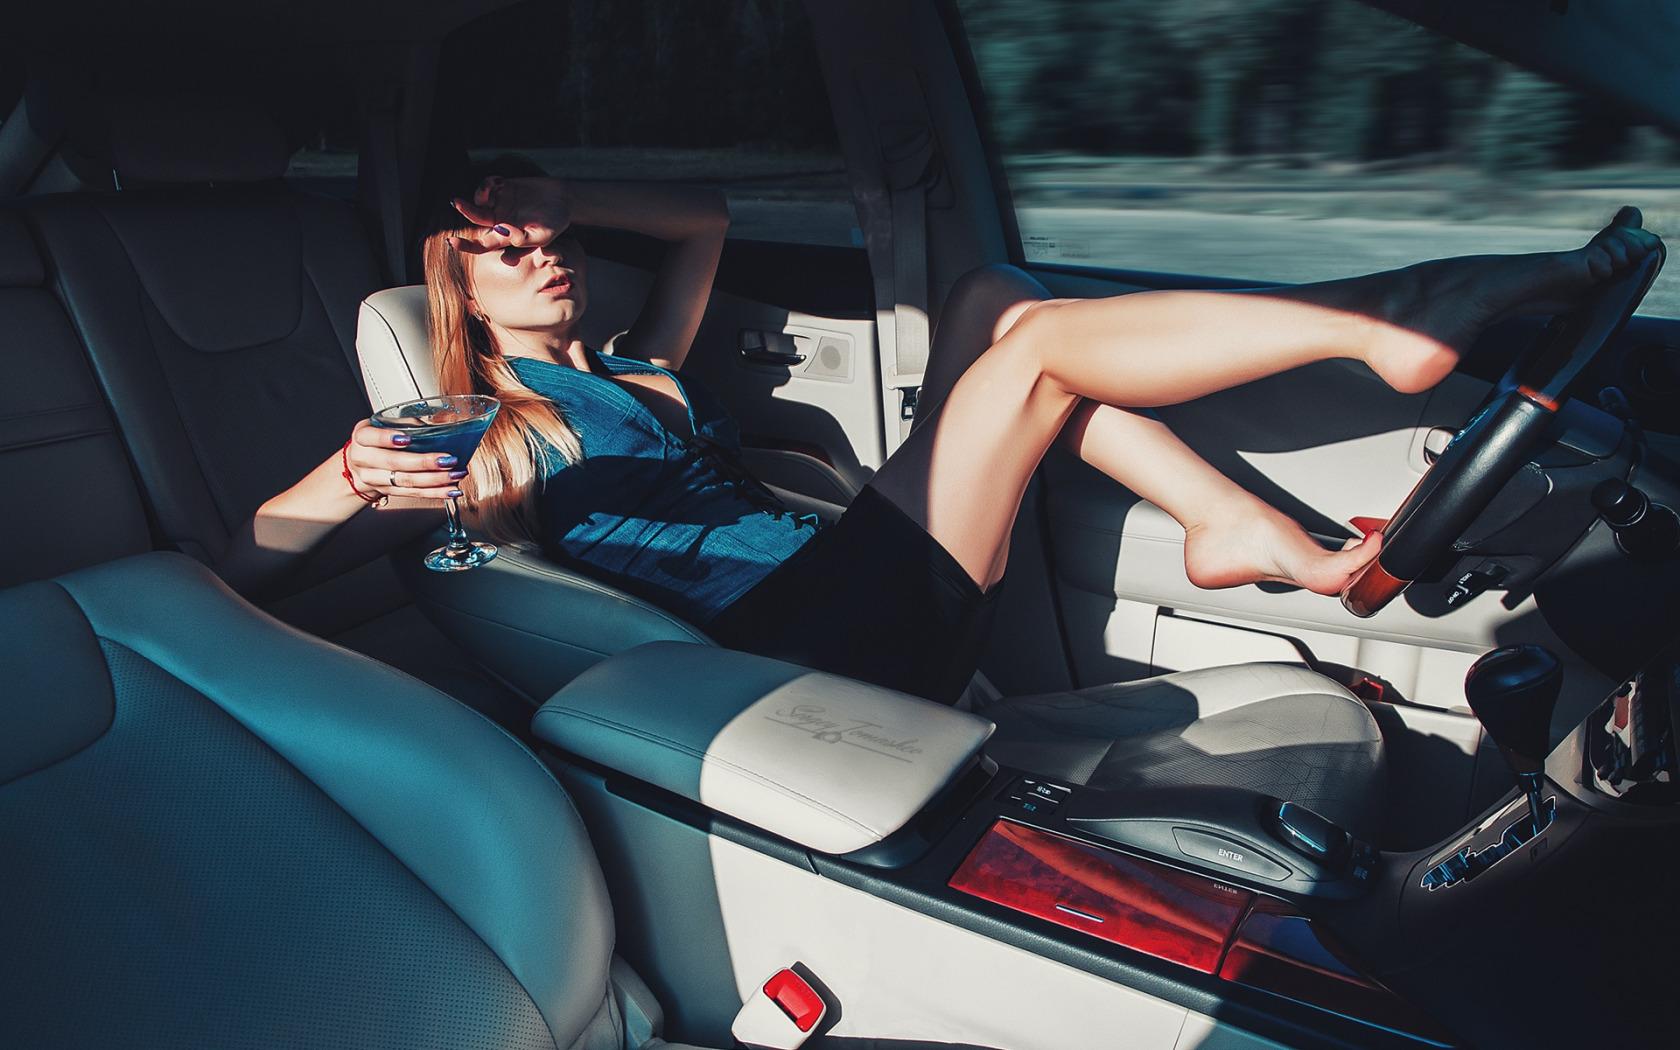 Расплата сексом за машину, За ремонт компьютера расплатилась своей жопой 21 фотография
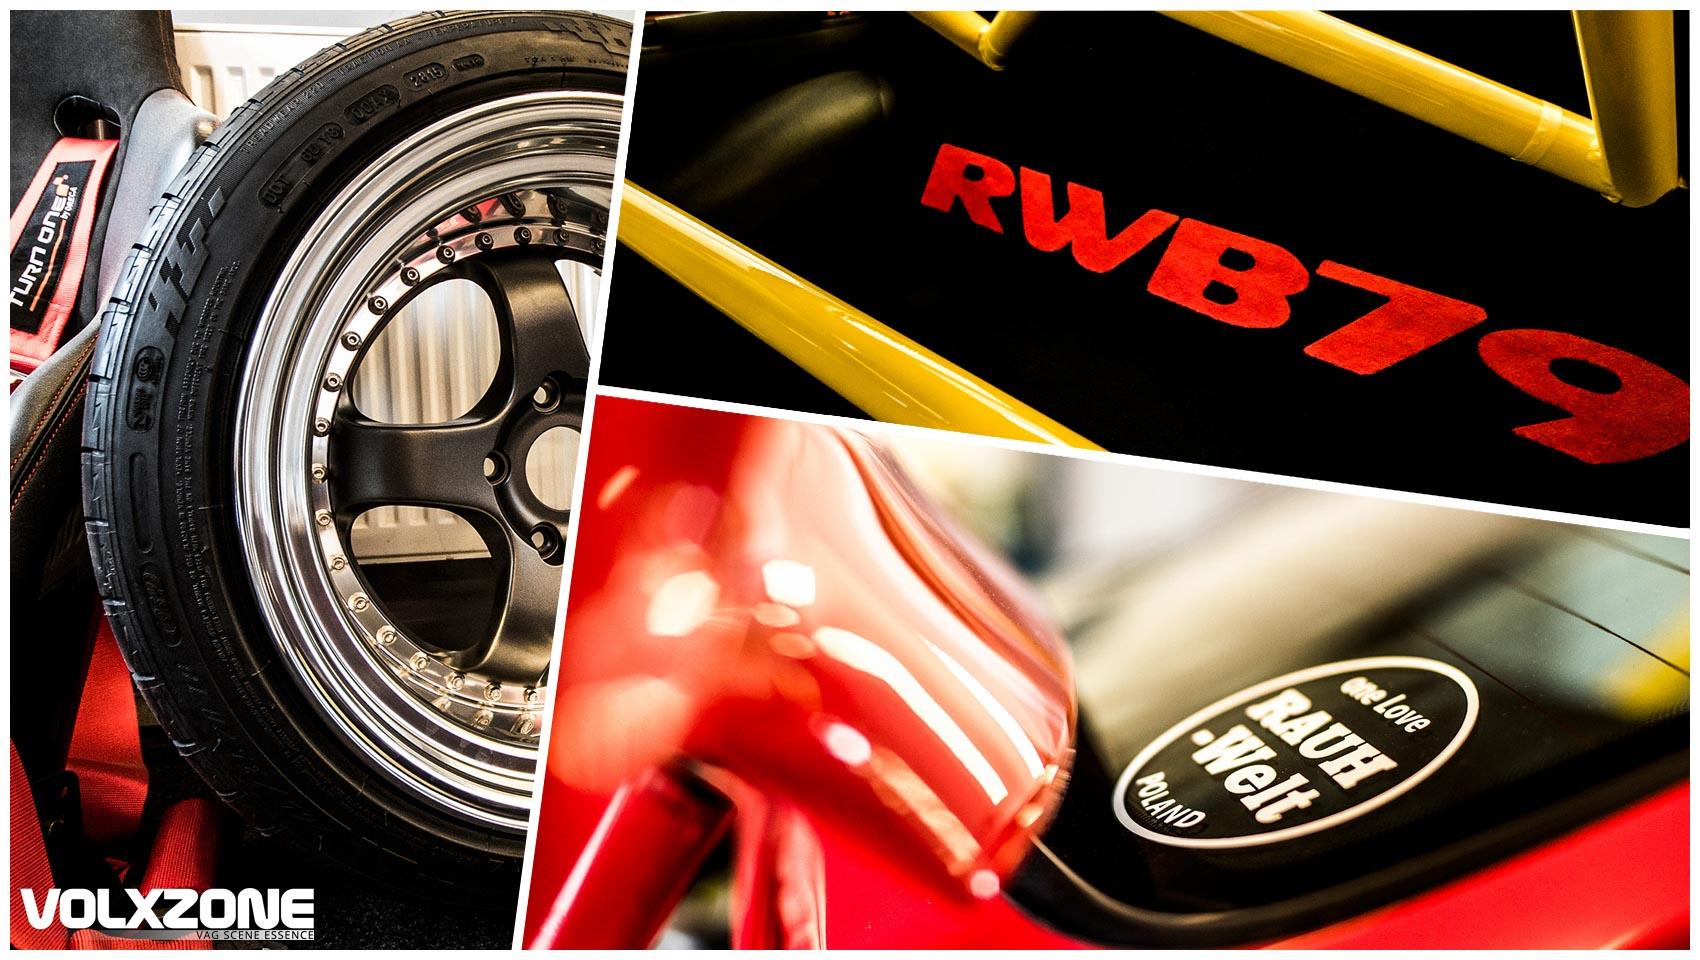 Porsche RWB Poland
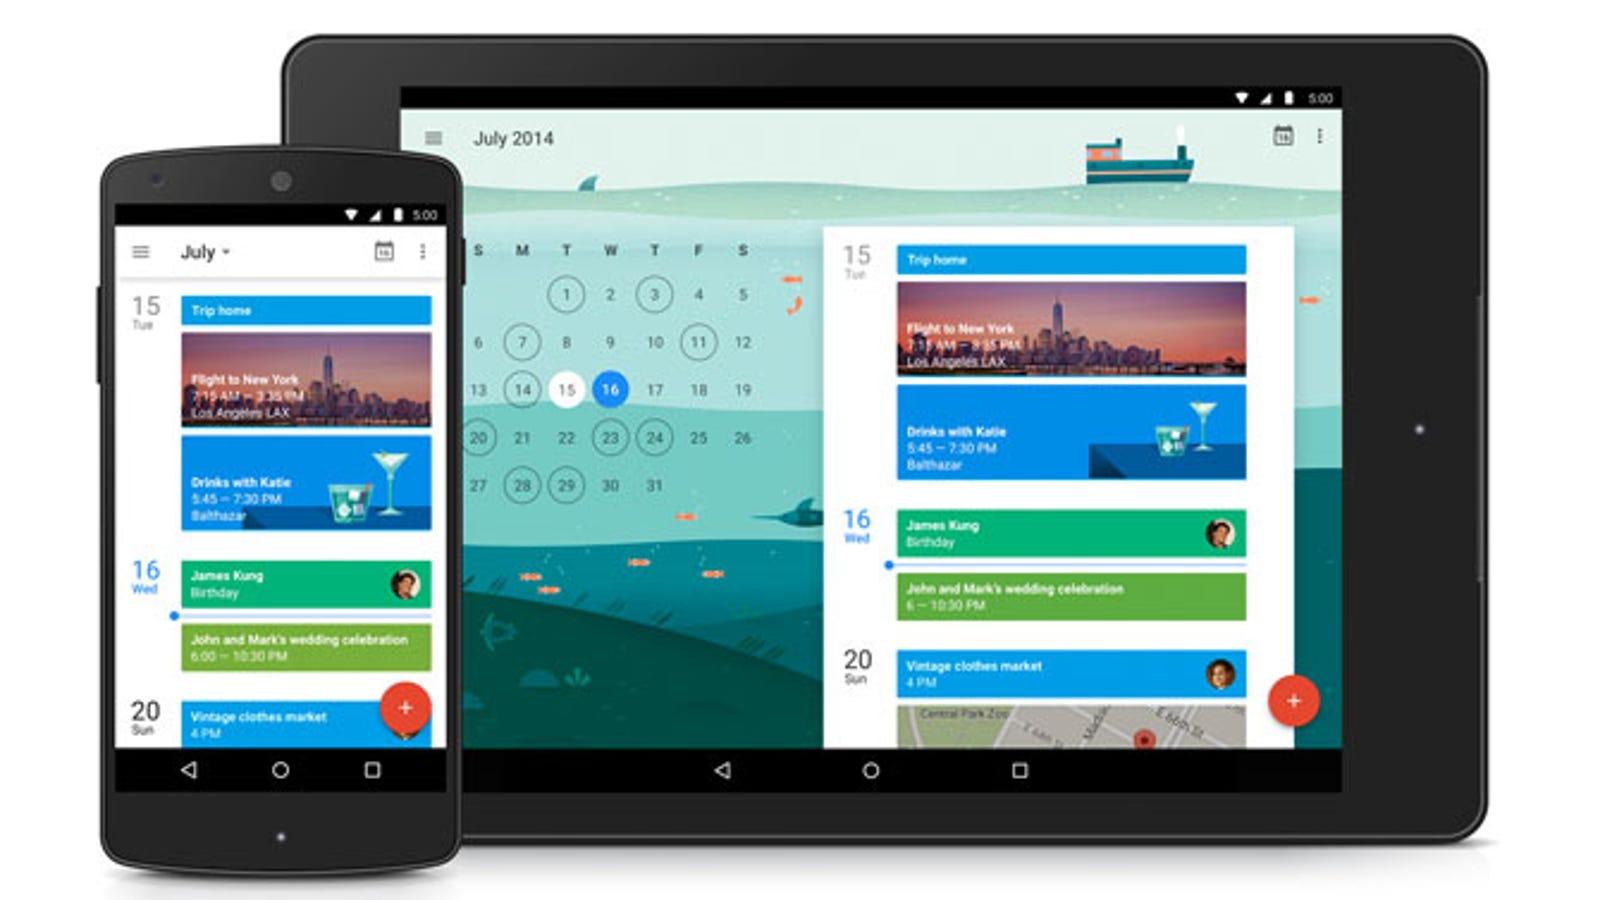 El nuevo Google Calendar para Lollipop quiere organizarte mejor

○ ○ ○ ○

PROBLEM DESCRIPTION: Beginning with the line where "Porsche RWB Poland" appears, reproduce every remaining line of the listing above, the last one included, but none of the pictures.

EXPECTED ANSWER:
 Porsche RWB Poland
 El nuevo Google Calendar para Lollipop quiere organizarte mejor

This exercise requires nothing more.